Он уже брал оплачиваемый отпуск. Все, кто работает в финансовом секторе, берут вынужденный отпуск при смене работы. Наверное, их отправляют в этот обязательный отпуск для того, чтобы помешать торговле инсайдерской информацией, по факту же они получают два оплачиваемых месяца свободы. Отличный план. Везет же Марку! Я тоже почти наверняка смогу взять несколько недель отпуска. Мы устроим себе чудесный медовый месяц. Я работаю над своим первым полнометражным документальным фильмом. Первую часть съемок закончу до свадьбы, а потом сделаю перерыв в три-четыре недели и возьмусь за вторую часть. Эти три или четыре недели придутся как никогда кстати.
В груди растекается тепло. Здорово. Так будет лучше для обоих.
– Куда поедем? – спрашивает он.
– В свадебное путешествие?
Мы заговорили на эту тему впервые. До свадьбы осталось всего два месяца. Мы обсудили все до мелочей, а поездку оставили на потом. Как неоткрытый подарок. А сейчас, кажется, пришло время обсудить медовый месяц. Я в восторге от перспективы заполучить Марка на несколько недель, он будет только моим.
– Давай устроим что-то безумное. Может быть, у нас в последний раз есть на это время или деньги, – выпаливаю я на одном дыхании.
– Да! – энергично соглашается он.
– Две недели… нет, три? – предлагаю я и, наморщив лоб, продумываю график предстоящих съемок и интервью. Три недели вполне смогу выкроить.
– Вот это дело. Карибы? Мальдивы? Бора-Бора? – спрашивает он.
– Бора-Бора… Фантастика! Я понятия не имею, где это, но как звучит! Все, к черту! Первым классом? Можем мы себе позволить первый класс?
– Мы все можем, – улыбается он. – Я забронирую билеты.
– Отлично!
Никогда в жизни не летала первым классом.
А потом произношу слова, о которых буду отчаянно жалеть всю жизнь:
– Я хочу поплавать там с аквалангом. Попробую нырнуть вместе с тобой.
Я горю желанием показать Марку, насколько сильно его люблю. Будто кошка с дохлой мышью в зубах. Нравится ему или нет, я роняю эту мышь к его ногам.
– Серьезно? – Он встревоженно ищет мой взгляд, щурясь от солнца; ветер треплет его темные волосы. Такого он не ожидал.

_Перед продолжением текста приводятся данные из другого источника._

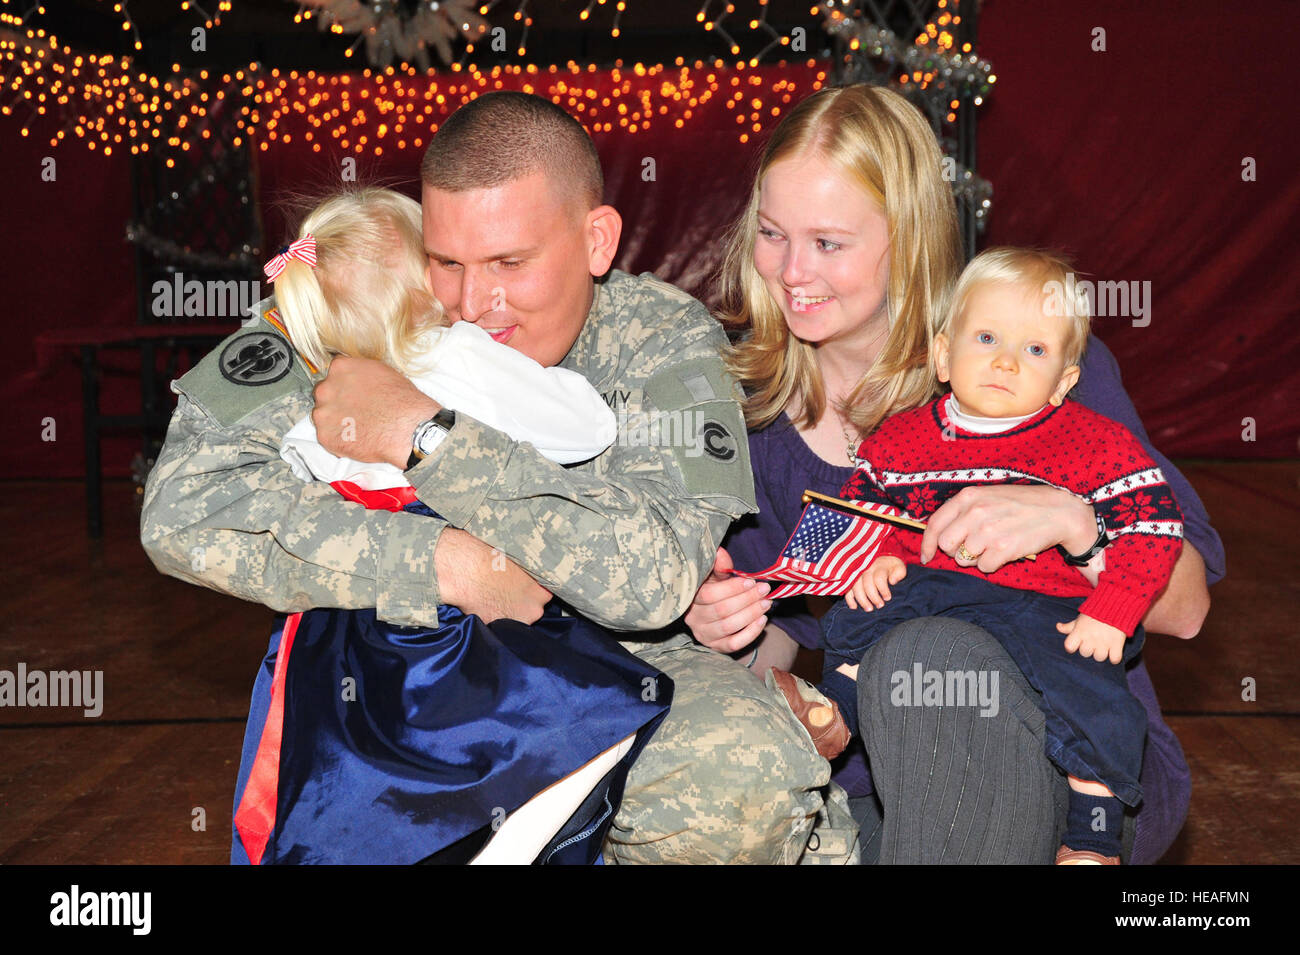 Colorado Army National Guard Sgt. Blake Olson greets his family at a small ceremony for the Soldiers of the 220th Military Police Company, Colorado Army National Guard, at the Fort Carson Events Center in Colorado Springs, Colo., Dec. 17. The Soldiers are returning from their deployment in support of Operation Iraqi Freedom. A few Soldiers are seeing their families for the first time since leaving for pre-deployment training last January. While deployed, the 220th MP Company was assigned to Task Force 134 at Camp Cropper in Baghdad, where Soldiers were responsible for detainee operations; ensu Stock Photo

Марк – опытный дайвер. Он уговаривал меня понырять во время каждой поездки, а я всегда боялась. Однажды, еще до нашего знакомства, у меня было неудачное погружение. Я жутко испугалась. Все обошлось, но теперь у меня начинается паника от одной мысли о подводных прогулках. Мне не нравится ощущать себя в ловушке. Мысль о давлении и медленных подъемах наводит ужас. Однако ради него я хочу это сделать. Новая жизнь, новые испытания.
– Да, я решила, – улыбаюсь в ответ.
Я смогу. Что в этом сложного? Даже дети ныряют. Все будет в порядке.
Он смотрит на меня.
– Я тебя чертовски люблю, Эрин Лок.
– И я тебя, Марк Робертс.
Он наклоняется ко мне, целует в губы и спрашивает, глядя в глаза:
– Ты настоящая?
Мы уже играли в эту психологическую игру.

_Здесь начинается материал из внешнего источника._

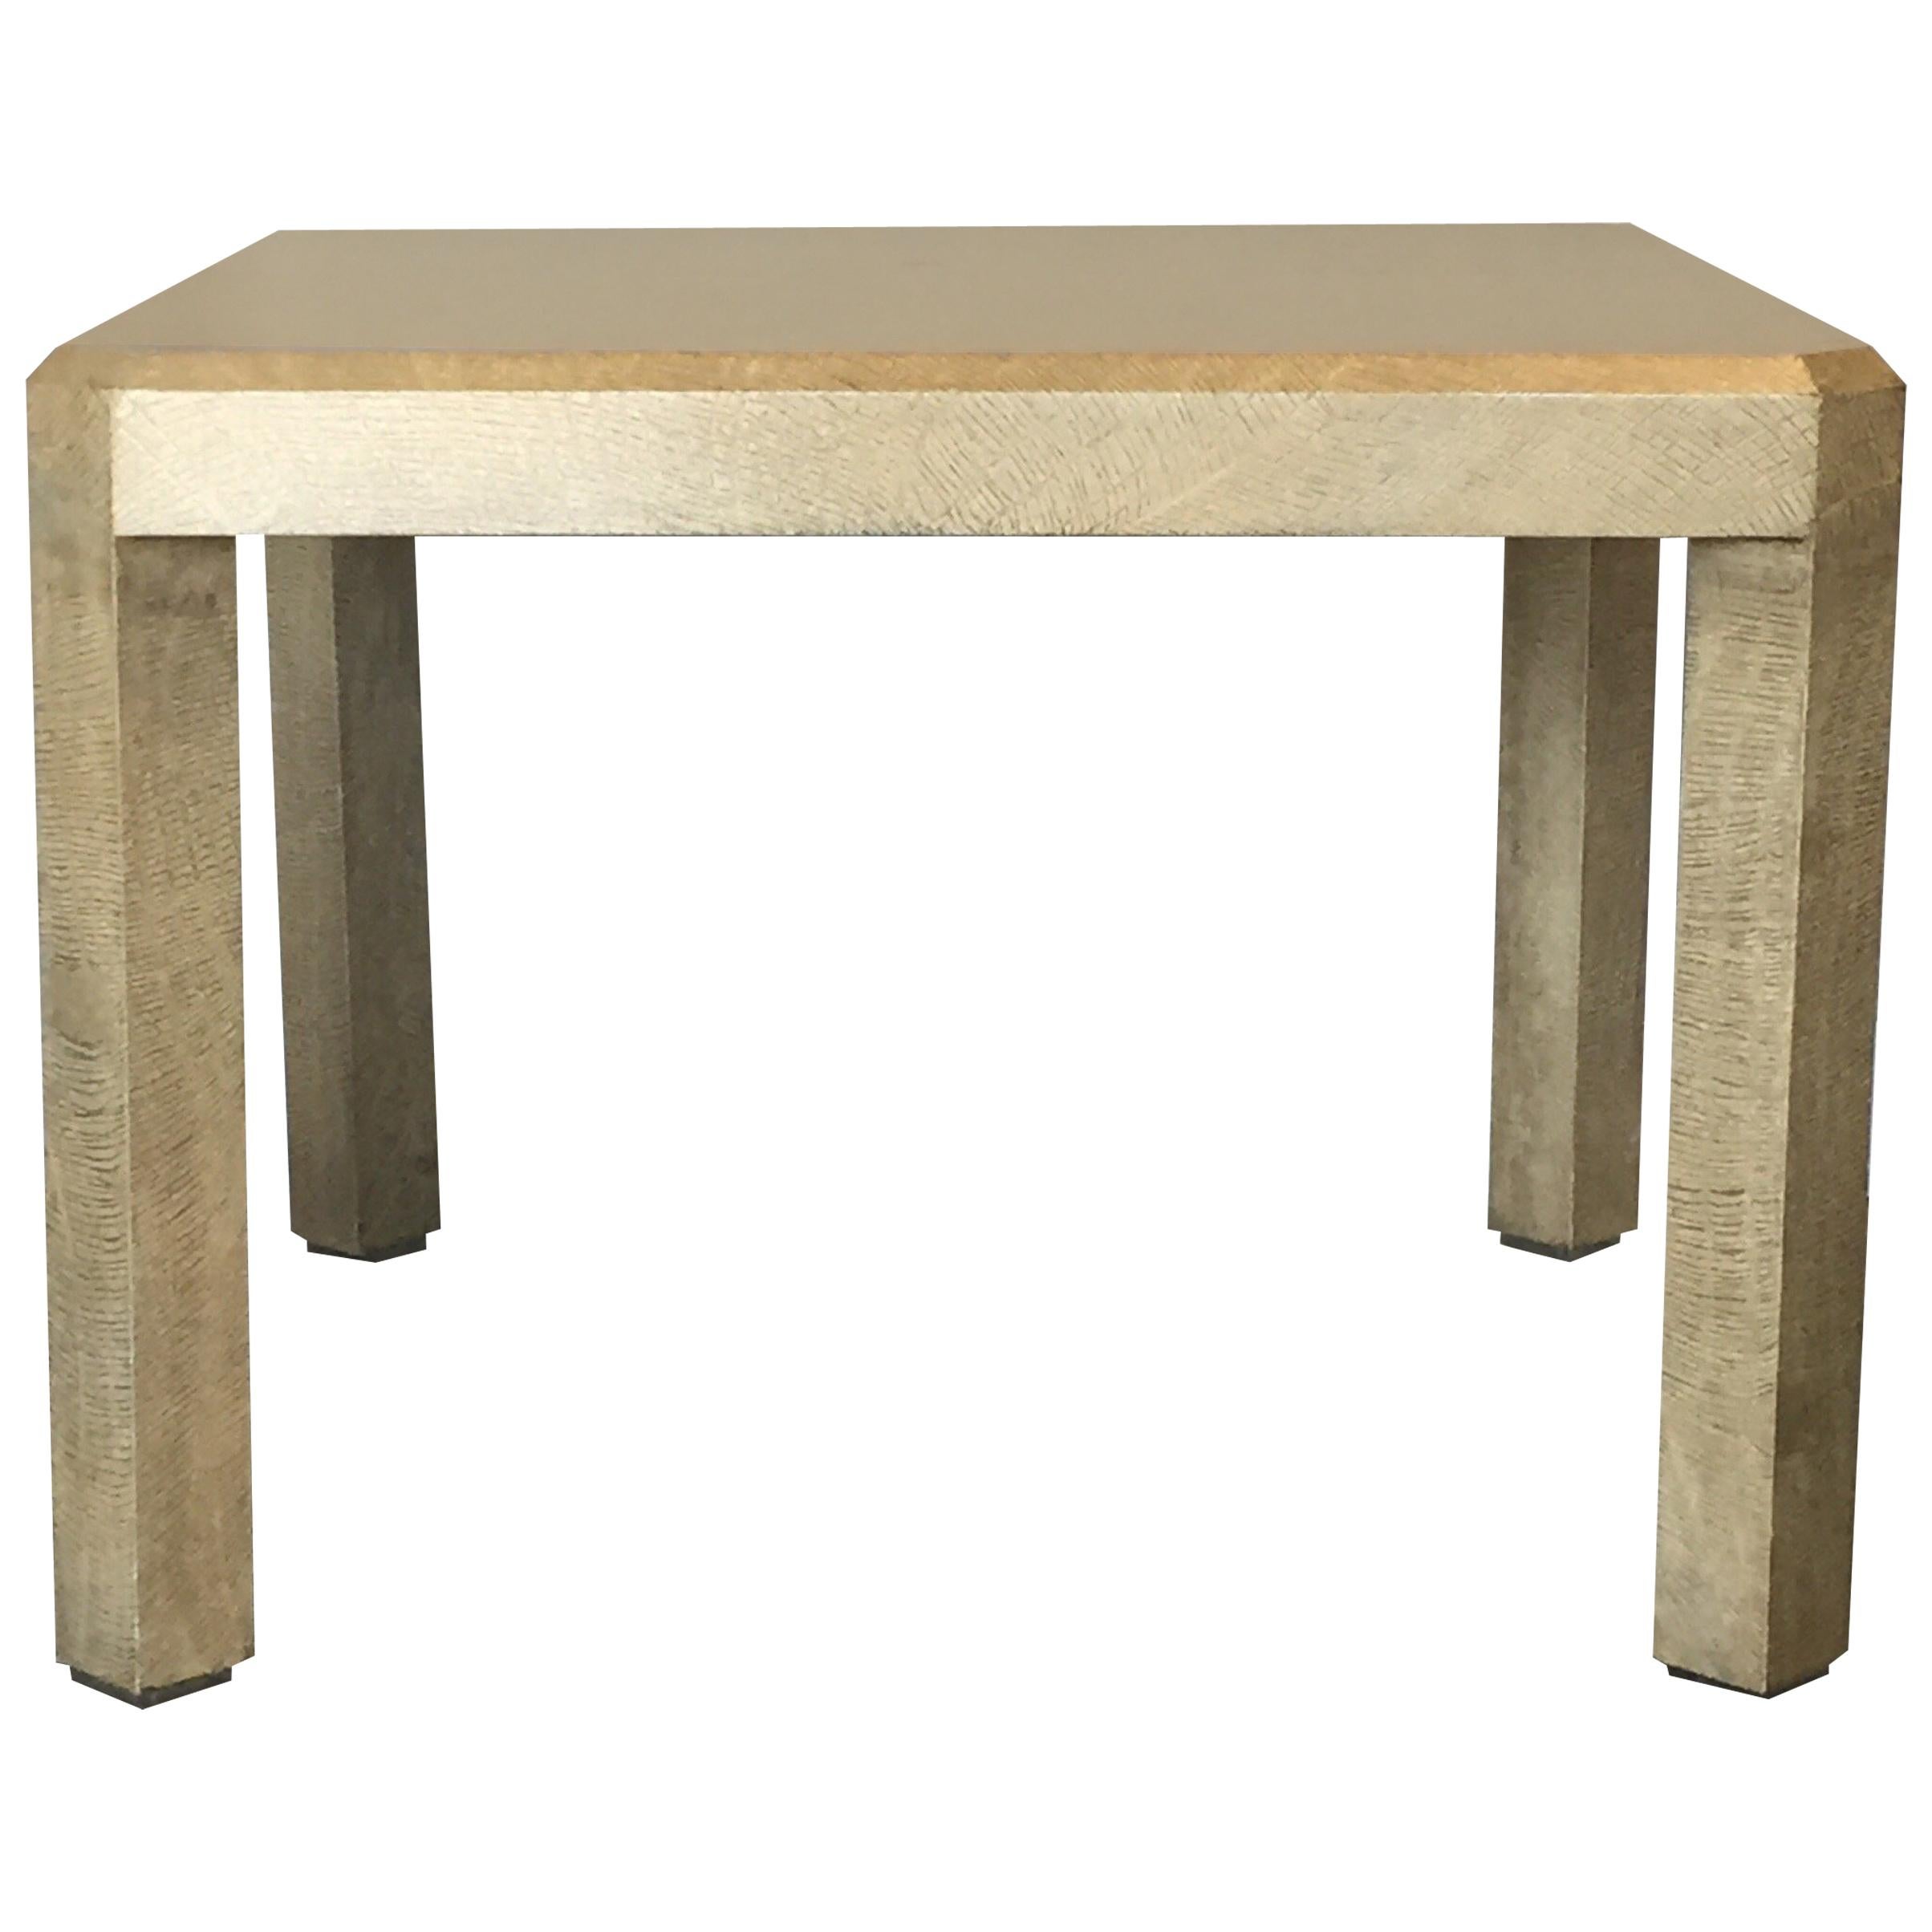 Cream Textured Parchment Clad Game Table by Karl Springer

На самом деле он спрашивает: «То, что с нами происходит, настоящее?» Все настолько прекрасно, что обязательно должен быть какой-то подвох, ловушка. Наверное, я лгу. Или нет?
Выжидаю секунду и расслабляю мышцы лица. Он смотрит на меня изучающим взглядом. Мои зрачки сужаются, как коллапсирующая Вселенная, и я спокойно отвечаю:
– Нет.
Нет, я не настоящая. Мне становится страшно. Я делала так всего несколько раз. Отделялась от собственного лица. Заставляла себя исчезнуть. Будто возвращаешь телефон к заводским настройкам.

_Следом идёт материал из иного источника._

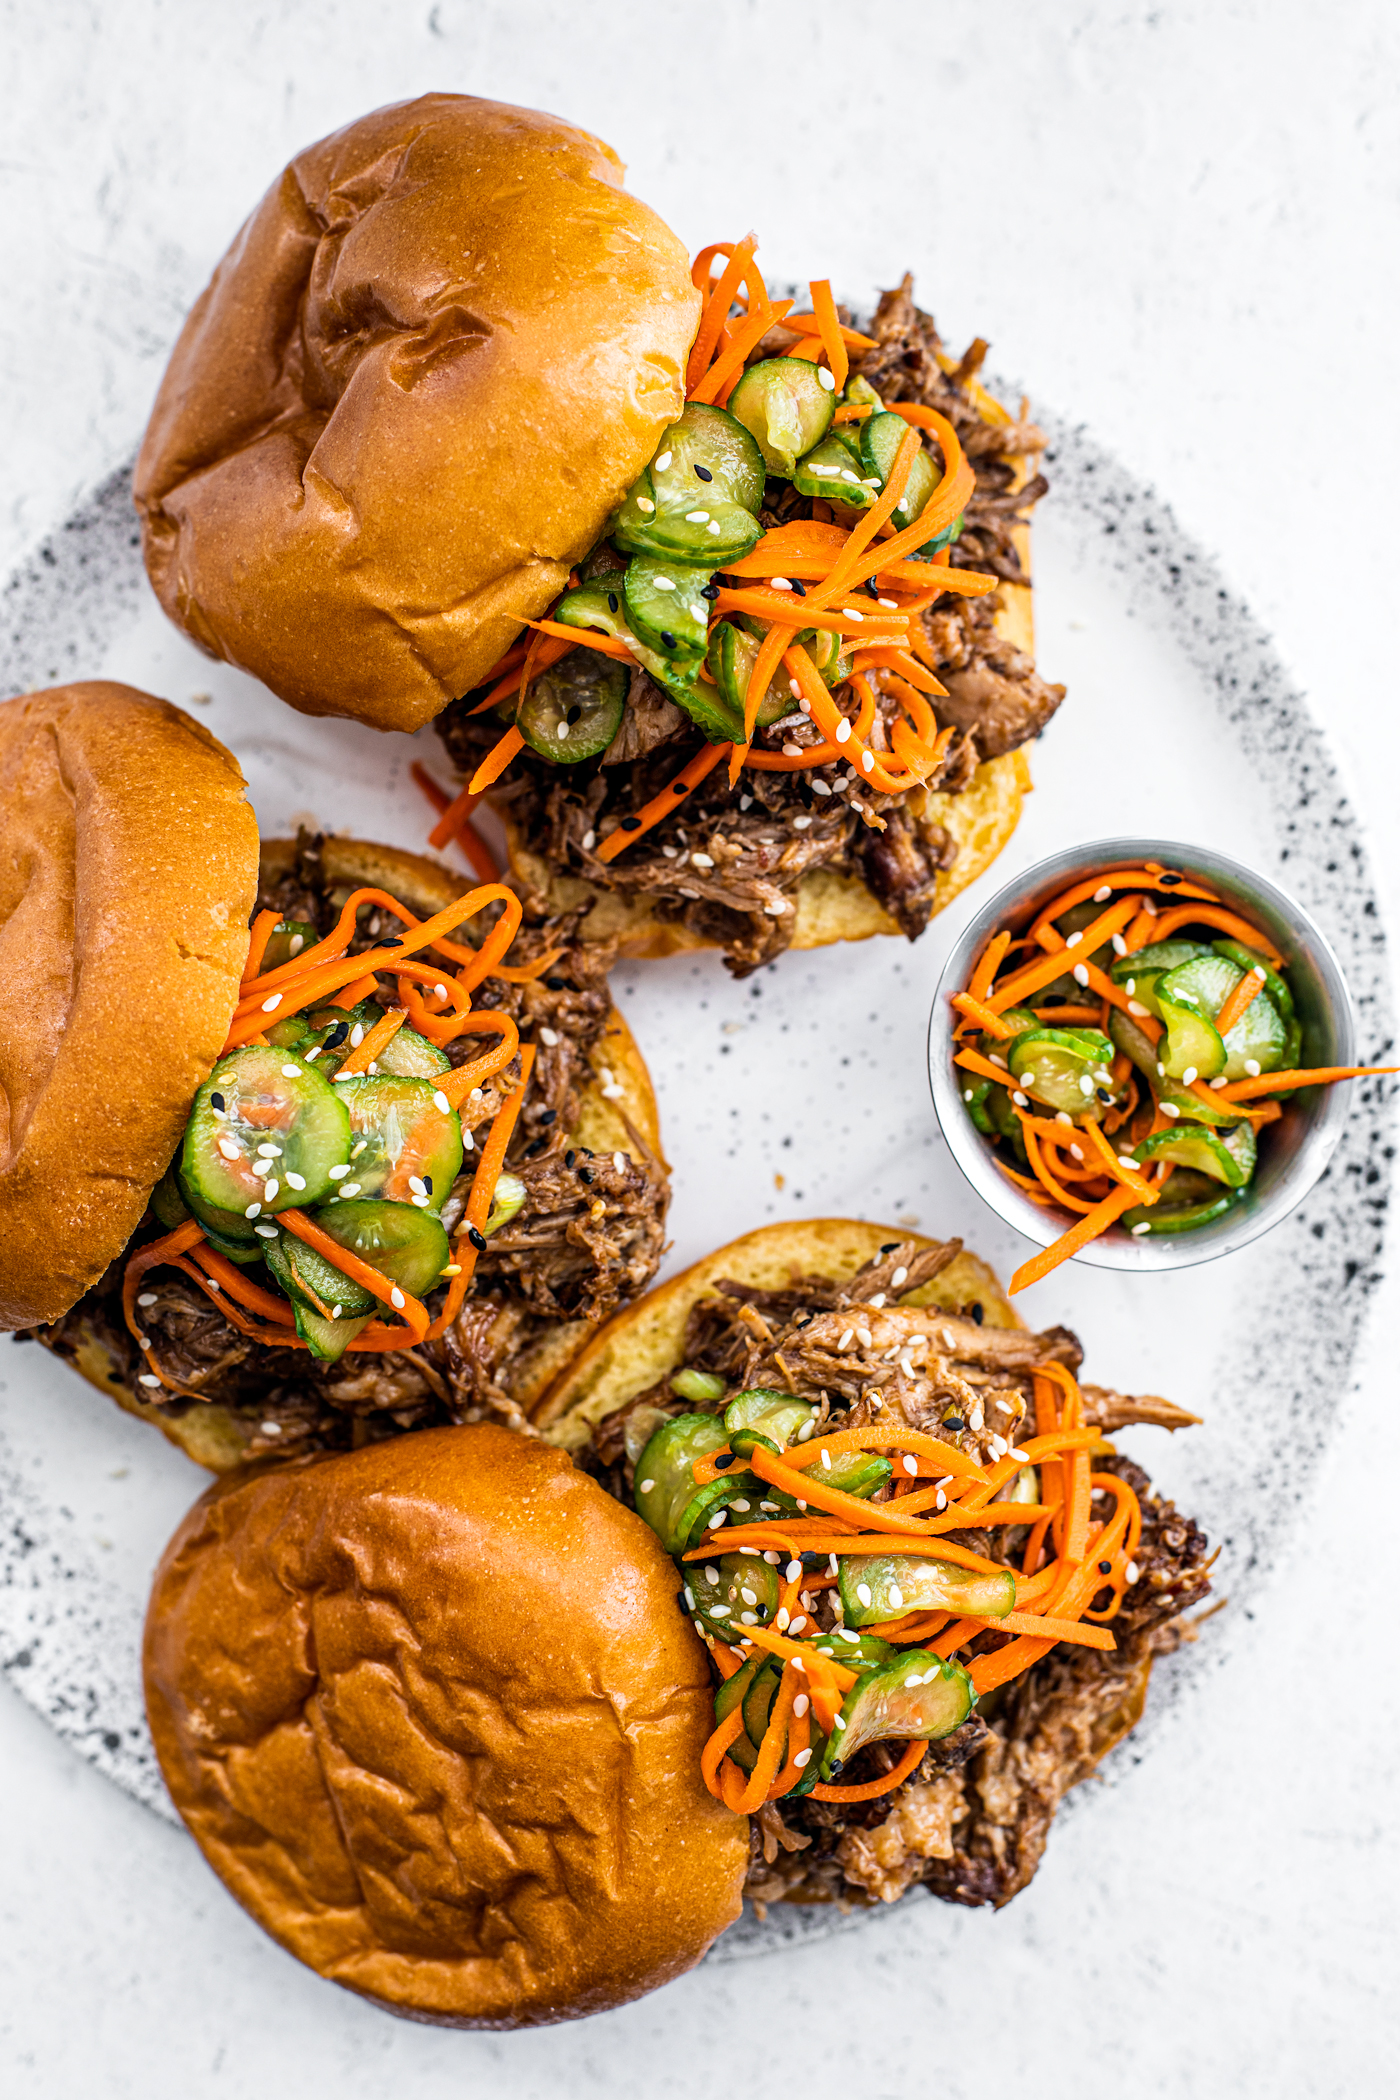 Serving plate with pulled pork sandwiches topped with pickled cucumbers and carrots.

– Нет, я не настоящая, – с безразличным и честным лицом произношу я.
Мои слова должны прозвучать очень серьезно. Так эффектнее.
Его глаза вспыхивают, он пытливо изучает мое лицо в поисках подсказки, ниточки, за которую можно ухватиться. Ничего нет. Я исчезла.
Знаю: он боится. В глубине души его терзает мысль, что я могу исчезнуть. Уйти. Что наша любовь – не всерьез. Однажды утром он проснется и все будет как прежде, только без меня. Я вижу на лице Марка проблески этого знакомого страха, когда мы выбираемся куда-то с друзьями и оказываемся в разных углах комнаты, полной людей. Я ловлю его взгляд и понимаю, что он-то настоящий. Сейчас это написано у него на лице. И этого довольно.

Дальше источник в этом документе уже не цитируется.